Waar kan je de ware vinden? Je kunt moeilijk in je bankje gaan zitten wachten tot hij komt. Want dan kan je blijven wachten MAAR als je zelf op zoekt gaat dan kom je meestal ook idd verkeerde jongens tegen die niet eerlijk tegen je zijn en zo geraak je meer en meer gefrustreerd.
Je vertrouwen in jongens geraakt daardoor weg ...
Waarom geef je niet aan je vader, oom, oudere broer, neef,... dat je wilt trouwen en er aan toe bent en of ze niet een goede persoon kennen die ook wilt trouwen. Het hoeft niet per se familie te zijn maar buitenstaanders. Je broers, neven, oom, vader, kennen de jongen in kwestie als de beste en weten of ze wel een goede moslim man is.
Je moet niet verlegen zijn om te zeggen tegen je ouders dat je wilt trouwen. Je hoeft daarvoor niet te schamen.

----------


## Selwa

> _Geplaatst door NaimaSoussia_ 
> *ha ha ha laat ze weten dat je wanhopig bent.
> 
> tfoe ik zie het al voor me, he mensen willen jullie een beetje voor me rondkijken. please? *




Dus jij vind het wanhopig om andere mensen te laten weten dat je idd wilt trouwen en er klaar voor bent? Jij vind het wanhopig om te gaan trouwen om zo de helft van de islam te vervullen?
Blijf dan jij maar lekker alleen een non

----------


## NaimaSoussia

Sorry hoor maar ik snap best dat je er iets voor moet doen en dat je er voor open moet staan. Maar je kennissen gaan vertellen dat je op zoek bent. NEE sorry. Aangezien ik weet hoe marokkanen in elkaar zitten.

----------


## vredigleven

Assalaam Aleikum zuster,

Zover ik weet zijn er maar beperkte gelegenheden/plaatsen waar jonge serieuze Moslims & Moslima's elkaar zouden kunnen tegenkomen. Het internet is natuurlijk een goed medium maar niet het enige. Naast een oproepje hier zou je uiteraard alle andere mogelijke opties open moeten houden.

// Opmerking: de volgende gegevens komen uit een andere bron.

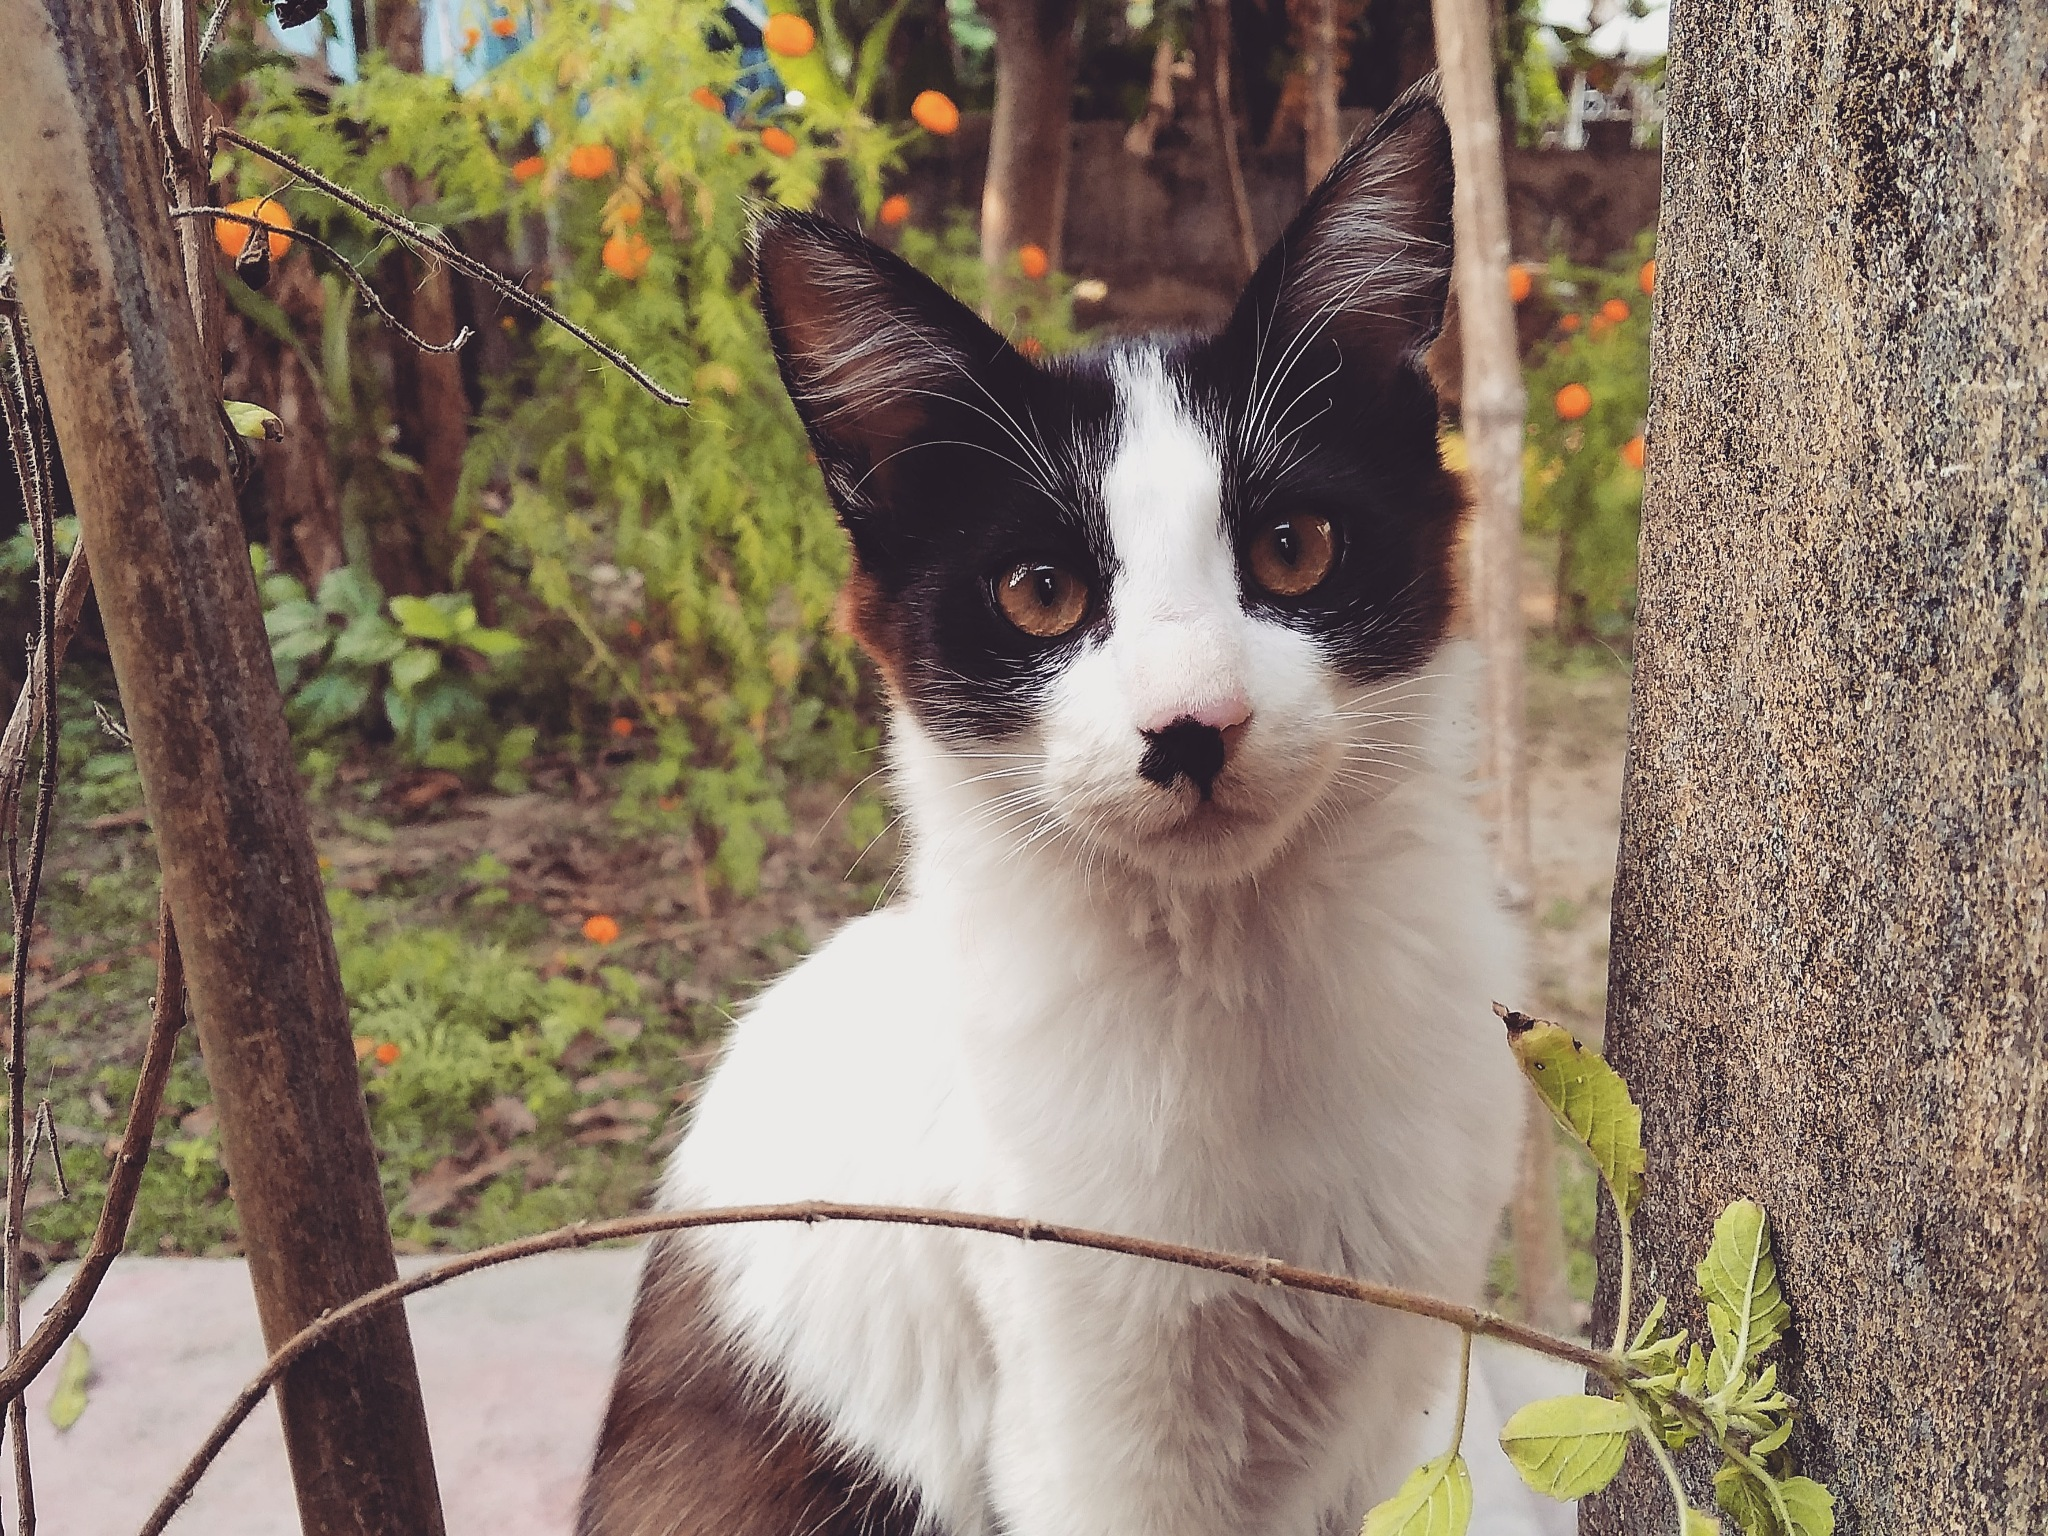 The Cat by Subhrajit Patra

In de tussentijd is het belangrijk, in mijn optiek, dat je positief en optimistisch blijft. Neem nooit de houding aan van "mijn leven is pas compleet als ik een partner heb" of "ik zal pas echt gelukkig worden als ik de ware heb ontmoet"! Je leven zodanig regelen dat je alle tuitjes in handen hebt en in absolute controle bent van je stemming. Wat ook helpt is om elke nieuwe poging met een zeer lage verwachting in te gaan - het kan je achteraf alleen maar meevallen. De mannen die jou over het hoofd hebben gezien zijn gewoon niet slim genoeg - zo zou je het in feite voor jezelf kunnen redeneren. Geduld is niet de juiste weg want hoe meer geduld je hebt des te meer mannen er gebruik van gaan maken. En zoals eerder vermeld in de reacties hierboven; de grappenmakers vis je er met gemak uit!

Suc6 met alles!

----------